It might be a good idea to have a plastic or aluminum tank in the bed of your truck until you get all the bugs worked out of your system before doing a more permanent under-mount tank.

DO NOT use the stock mild steel 2nd tank for your WVO. I'm sure if you are researching this, you already know about polymerization, and that you CANNOT use brass, copper, or mild steel anything. If you had never heard of poly or chicken skin, drop everything and start reading up on that.
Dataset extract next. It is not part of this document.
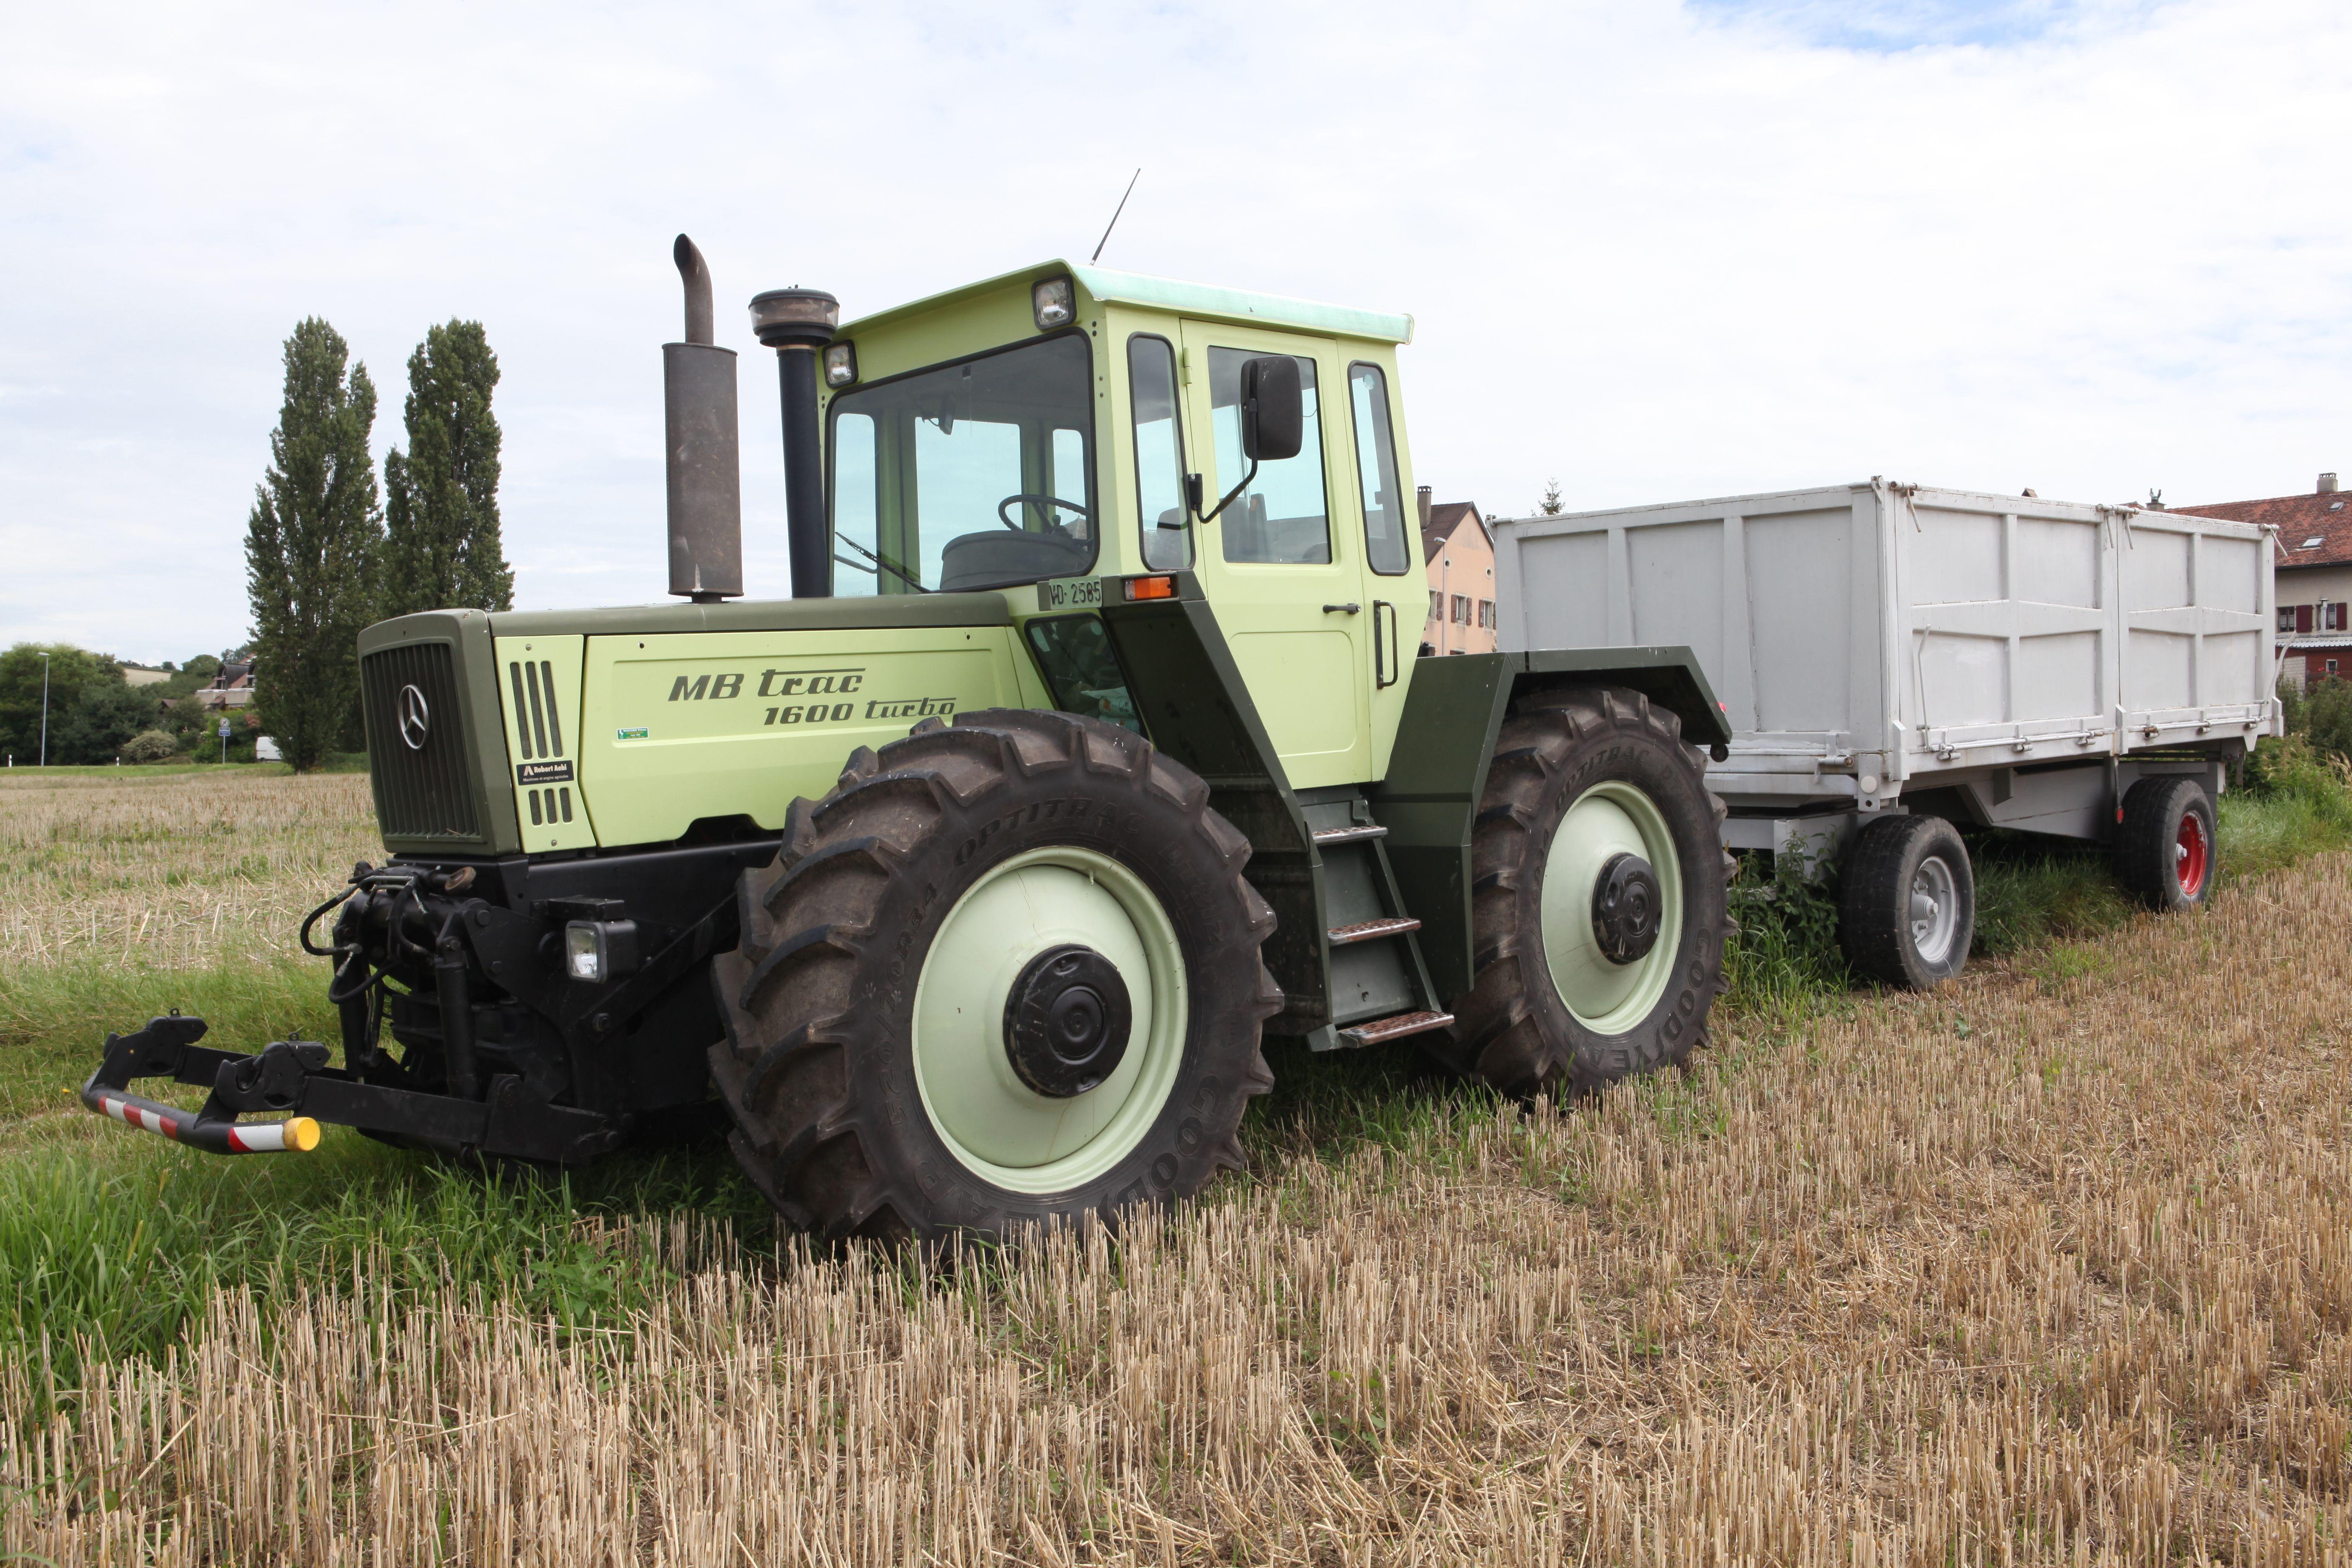 mercedes benz mb trac 1600 turbo tractor mania. Black Bedroom Furniture Sets. Home Design Ideas
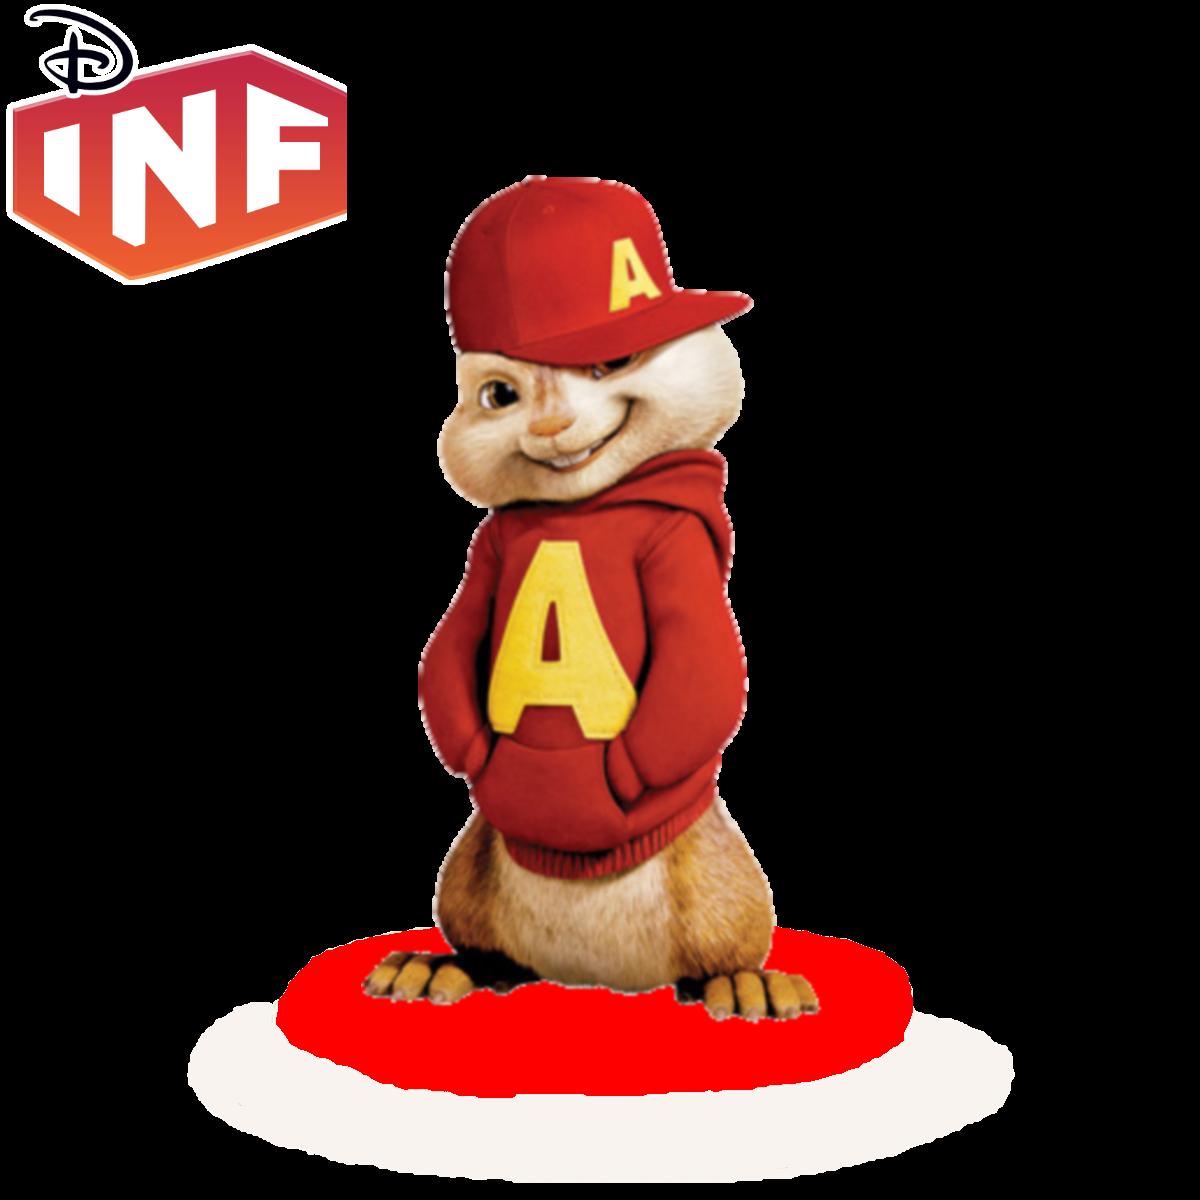 Image Disney Infinity Alvin Png Chipmunk Fanon Wiki

As for your tank heating, the simplest solution is a Hotfox or WVO-Designs Hotstick fuel pickup. I've mounted mine horizontally on all my veggie rides, so I get the added benefit of heating my veg in the tank with the whole heated fuel pickup tube.

A brief overview...

You'll need to figure out if you want HIH or HOH or TOT or whatever heated fuel lines. I use simple 3/8" dia aluminum bendable hose, since it's cheap and easy to install.

You'll need a heated filter head, and something that isn't copper or brass. Aluminum or nickel plated works well. DO NOT run WVO thru your stock fuel filter.
Depending on your climate, you'll need 30-50 plates of heat exchangers. It's tempting to use brass since they are cheap, but go nickel-plated.

You'll need a separate pump. There's a guy in the Ford Diesel forum (I forget the name) that sells these at a reasonable price. Duralift something or other.

Lastly, you'll need some selector valves. I use Hydroforce valves and WVO Designs valves. I can usually put about 150,000 miles on a Hydroforce valve before a solenoid or plunger malfunctions. BE SURE to use Viton seals on your hydro valves.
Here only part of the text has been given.